In the Energy sector, Shell announced it is selling down its 23% stake in Western Australia-based oil and gas company Woodside Petroleum. Nearly half of the shareholding was sold to institutional shareholders at a small discount during June.
The Australian listed property sector increased by 3.3% in June, supported by a third consecutive monthly decline in government bond yields. The retail sub-sector performed most strongly.
Global developed equity markets recorded mixed gains in June, with US markets continuing to reach record highs, while European markets were mixed.
US markets were boosted by limited news out of the Federal Reserve and expectations that any moves in interest rates would be gradual.
The MSCI World Developed Markets Index increased by 1.7% in USD terms and 0.3% in AUD terms over the month.
The US S&P500 Index rose by 1.9% in June and has risen 22.0% over the 2013/14 financial year. The Nasdaq Index (+3.9%) while the Dow Jones rose a 0.7%.
Equity markets in Europe retreated despite the additional measures announced by the ECB in early June, although European markets had rallied prior to the announcement. Germany’s DAX (-1.1%) and France’s CAC Index (-2.1%) fell. Spain’s IBEX Index (+1.2%) outperformed.

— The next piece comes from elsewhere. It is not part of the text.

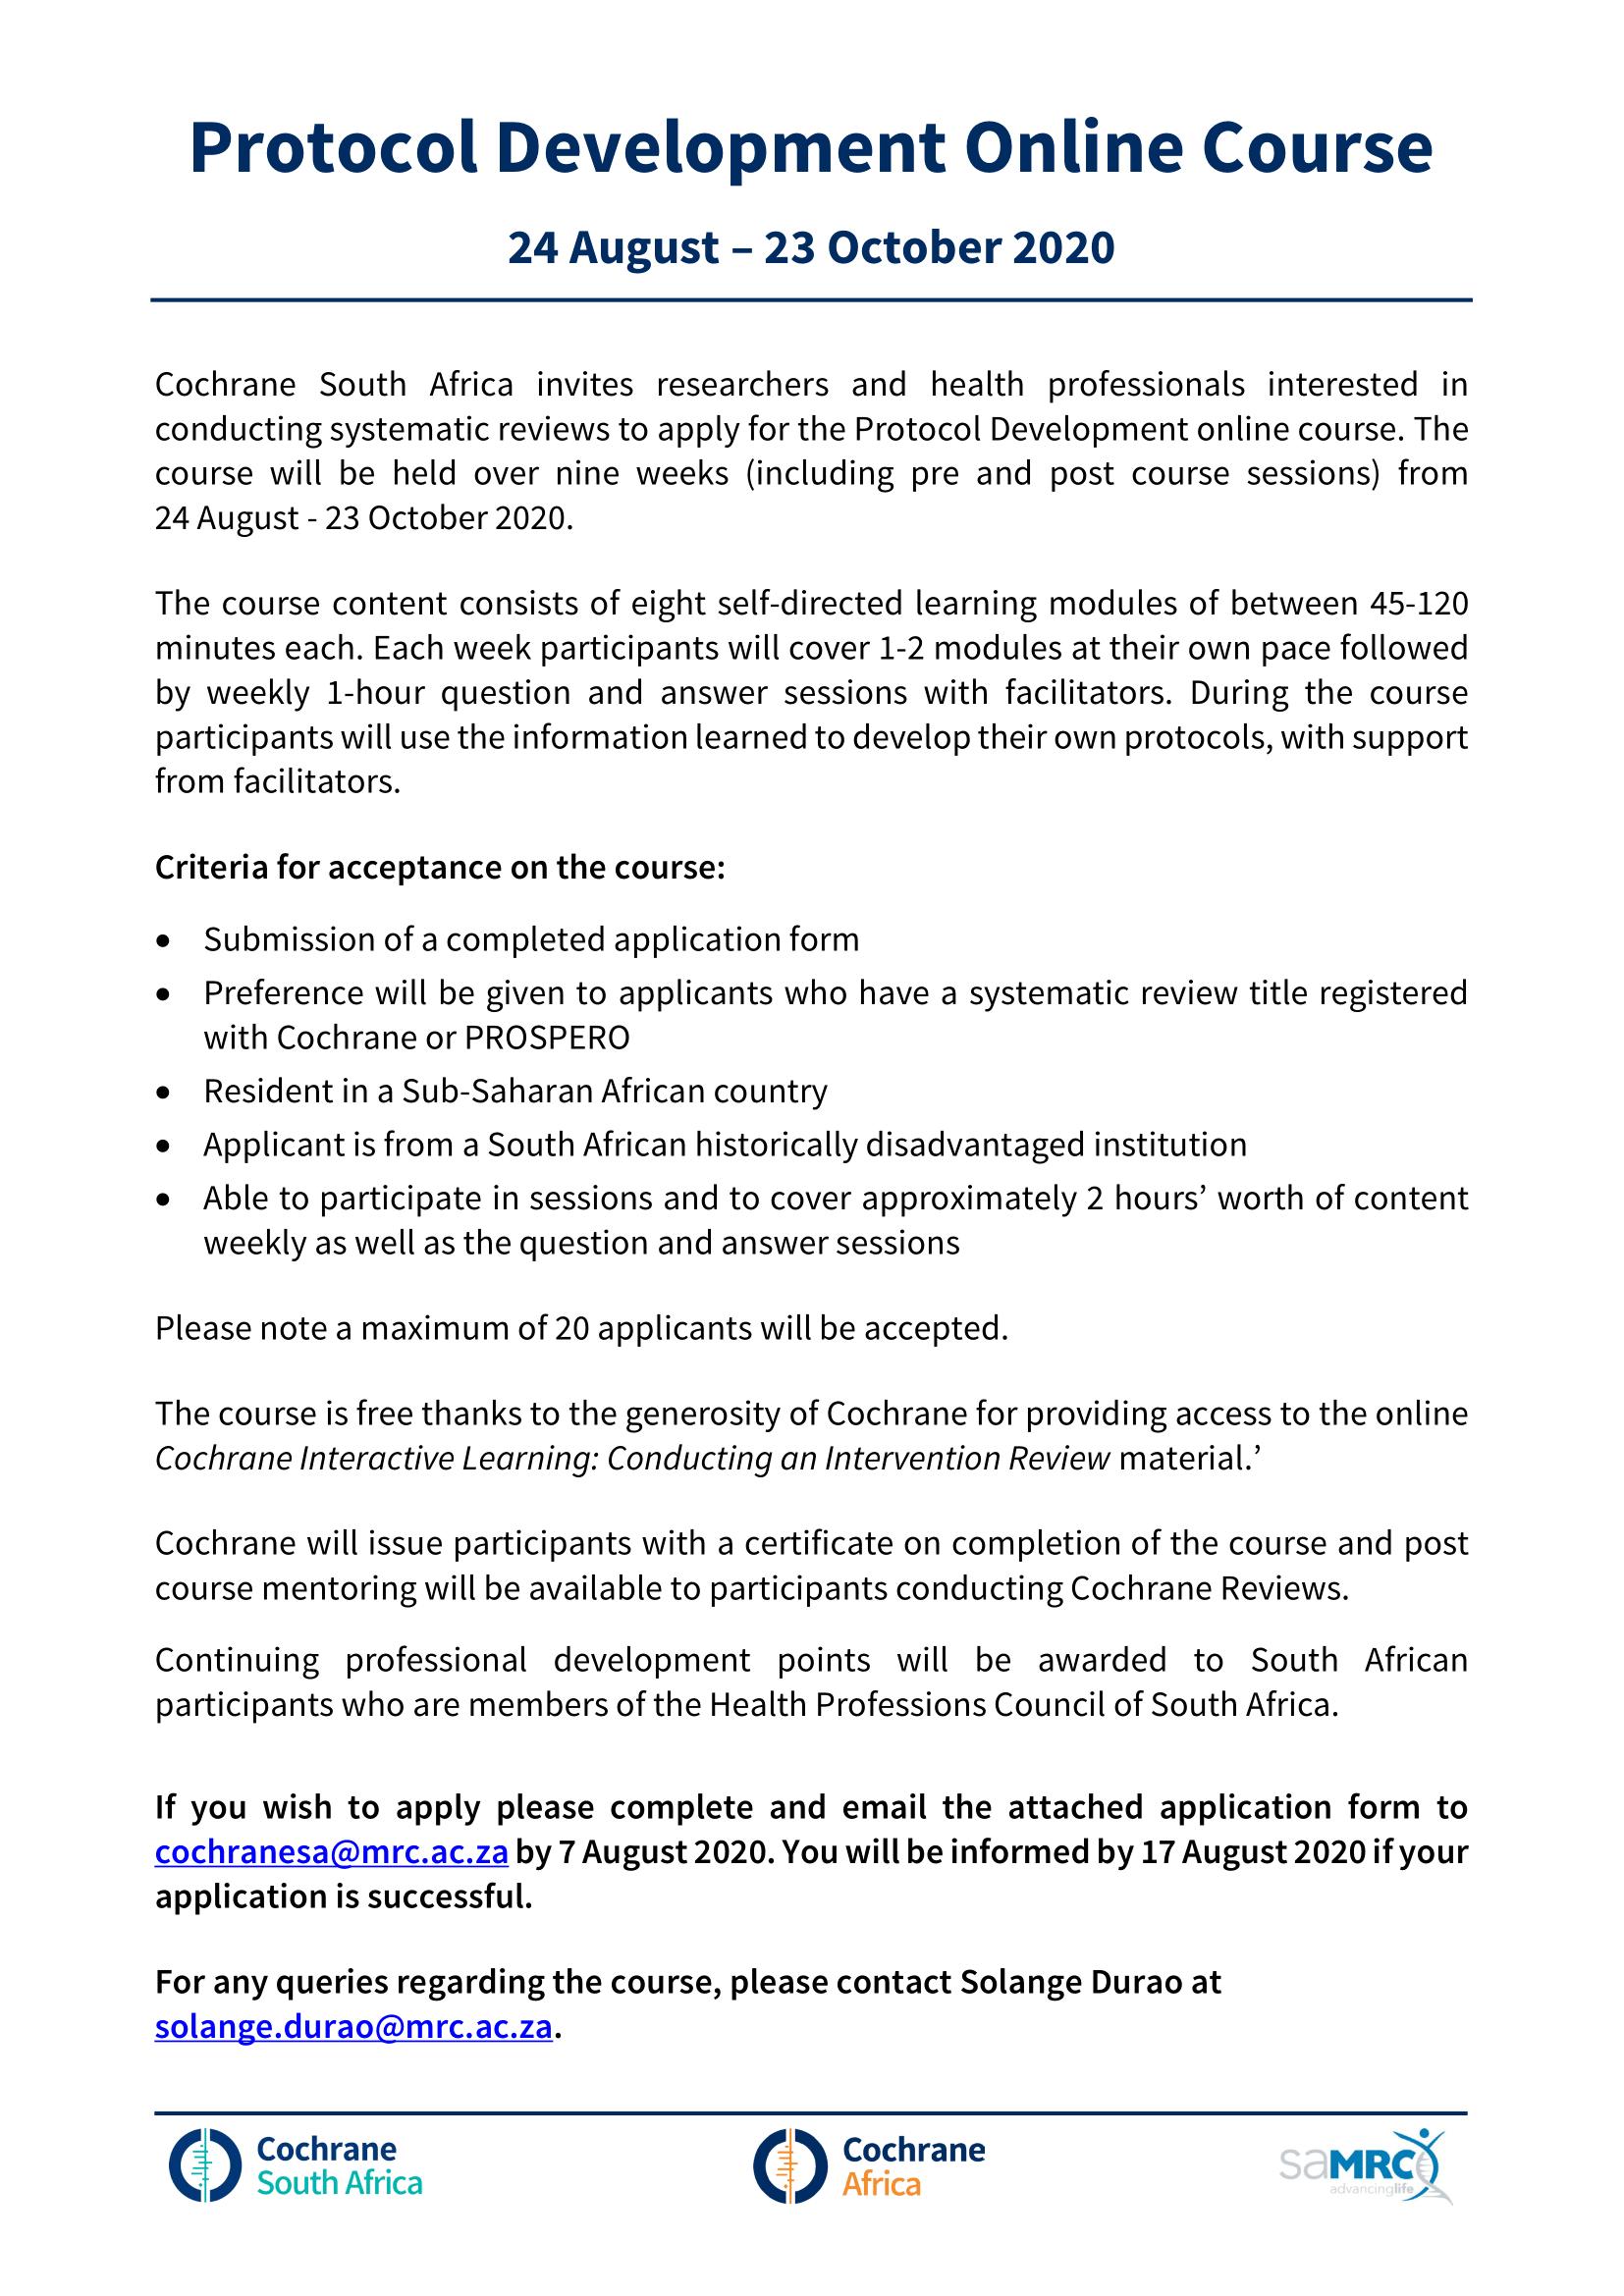 Protocol development online course

The Japanese Nikkei 225 (+3.6%) and Topix (+5.1%) Indices both rose.
Global emerging markets
Emerging market (EM) equities outperformed their developed market counterparts in June. The MSCI EM Index returned 2.3% in USD terms and 0.9% in AUD terms. Easing tensions in the Ukraine, low volatility globally and stabilizing economic data in China all helped emerging markets.